* Data below *
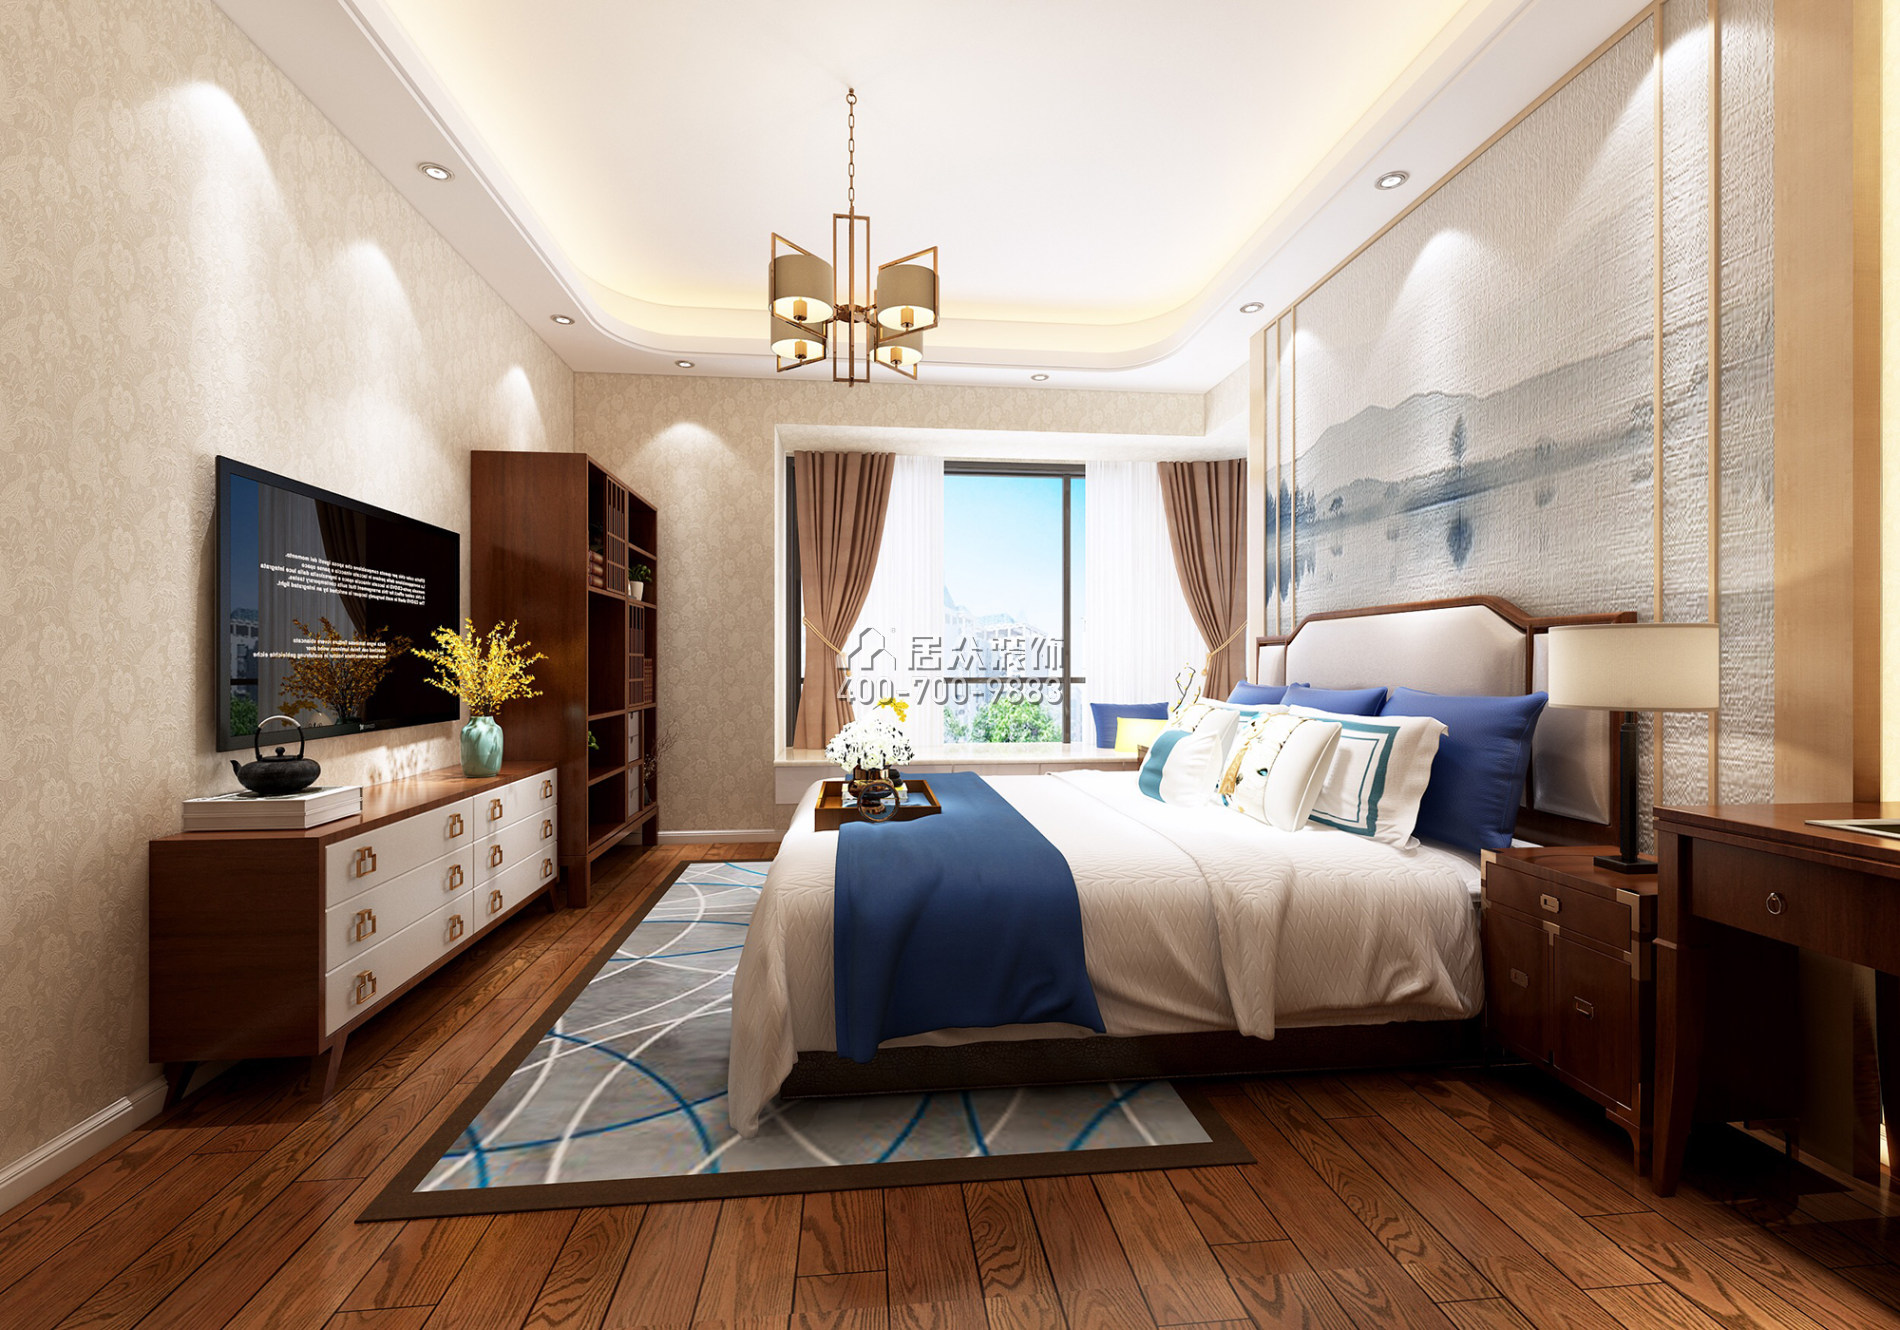 悅盈新城240平方米中式風格平層戶型臥室裝修效果圖
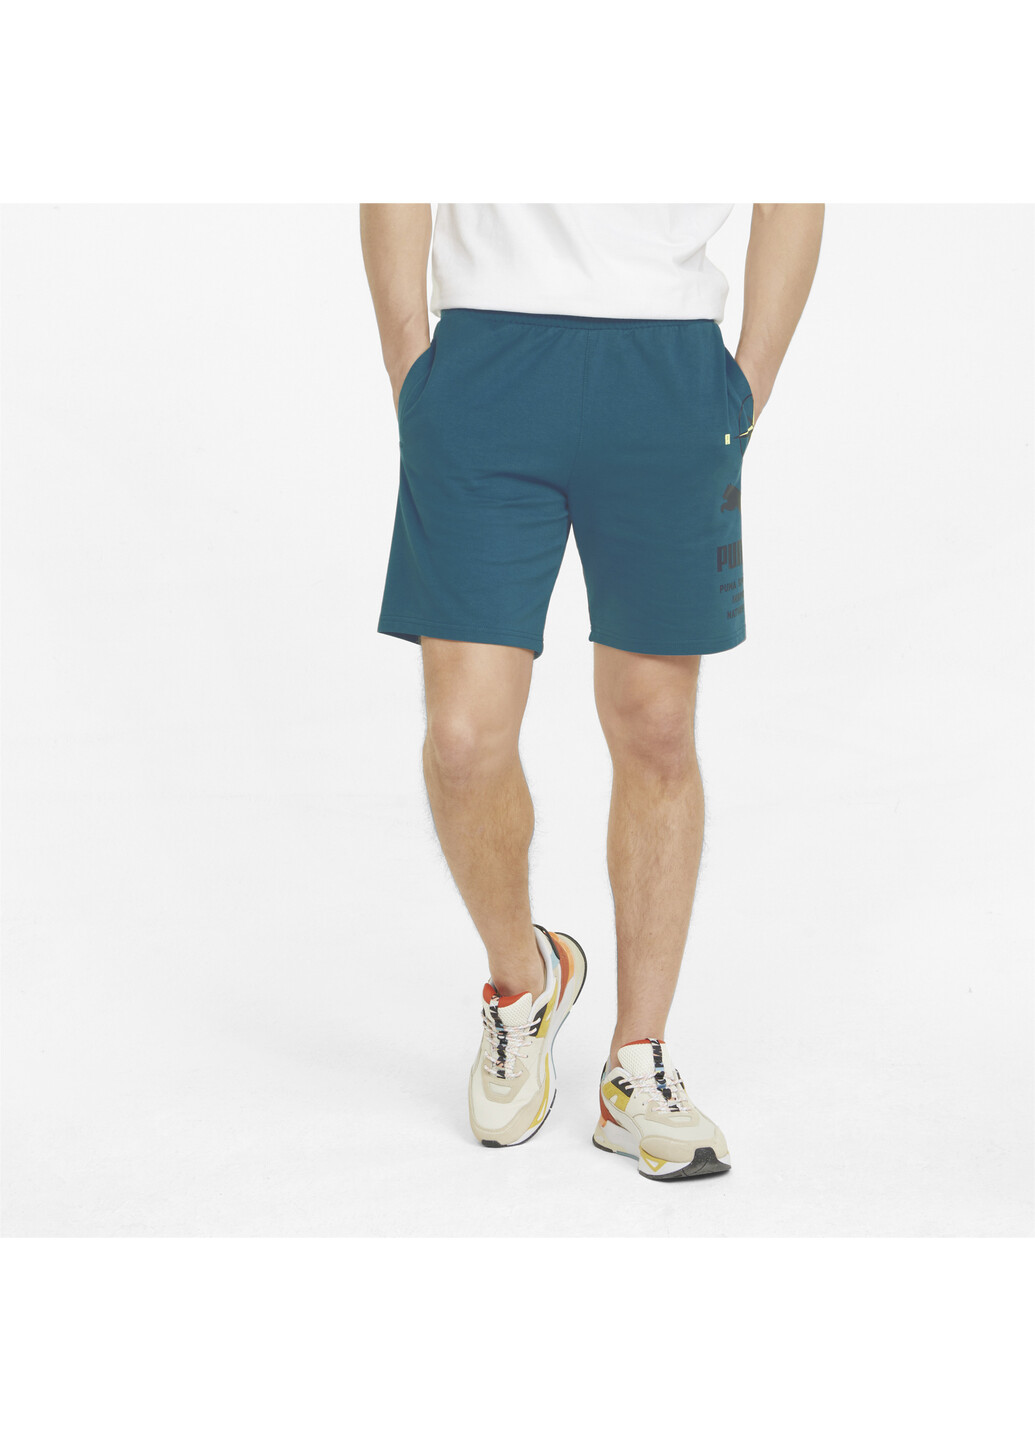 Шорты Nature Camp Graphic Men’s Shorts Puma однотонные синие спортивные хлопок, полиэстер
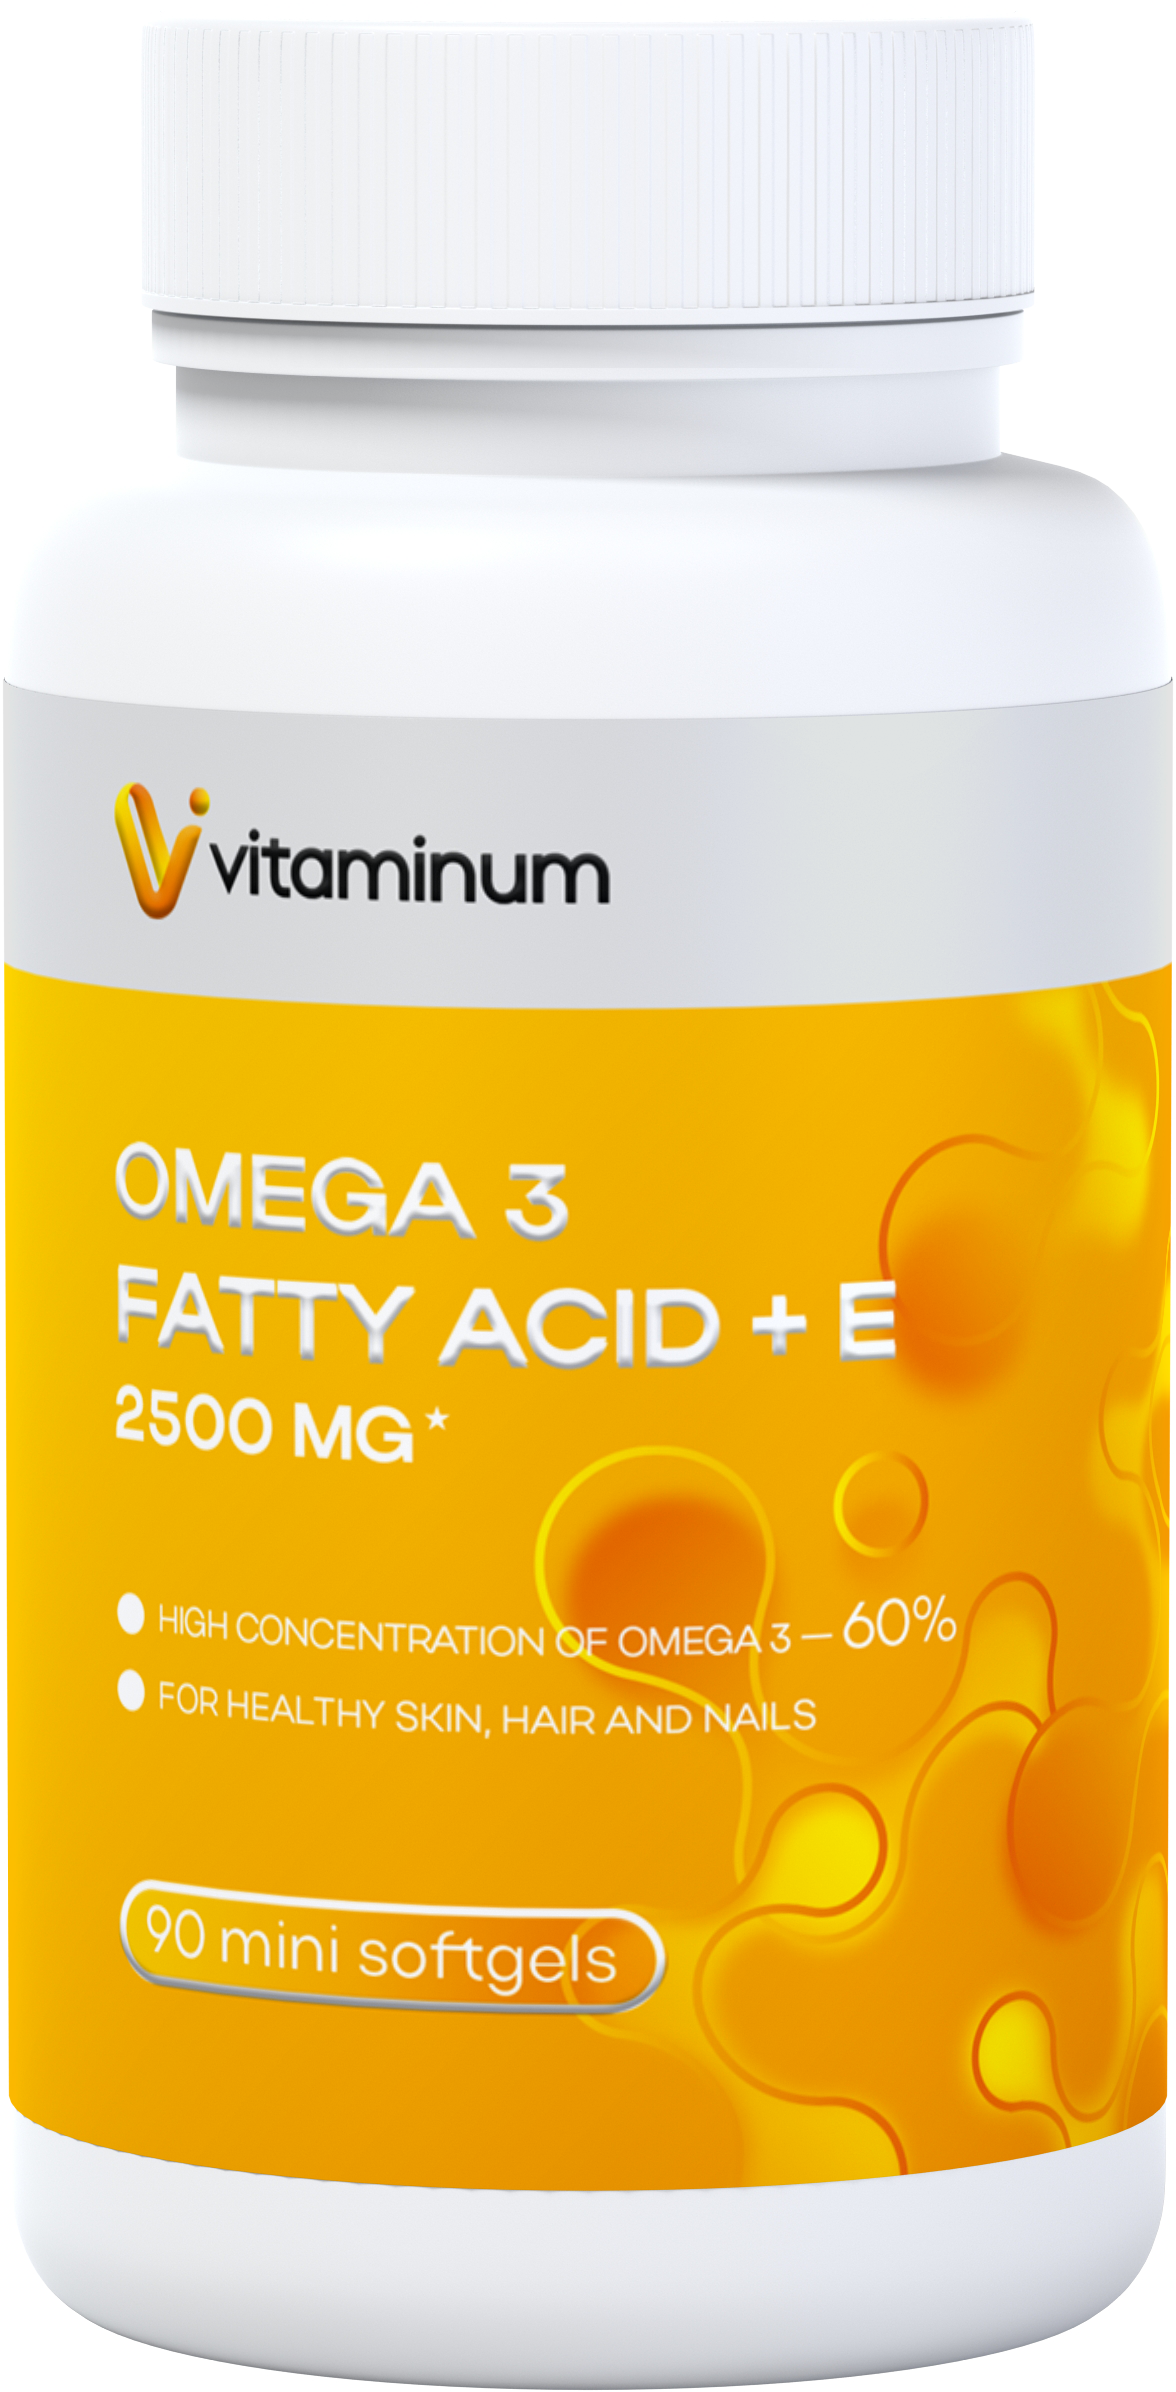  Vitaminum ОМЕГА 3 60% + витамин Е (2500 MG*) 90 капсул 700 мг   в Нижней Туре

* Exercise details *
The lines to be extracted begin at the line containing "Шорты Nature Camp" and continue through the final line of the material above, both ends included. Reproduce them exactly, without the pictures.

* Answer to the exercise *
 Шорты Nature Camp Graphic Men’s Shorts Puma однотонные синие спортивные хлопок, полиэстер
  Vitaminum ОМЕГА 3 60% + витамин Е (2500 MG*) 90 капсул 700 мг   в Нижней Туре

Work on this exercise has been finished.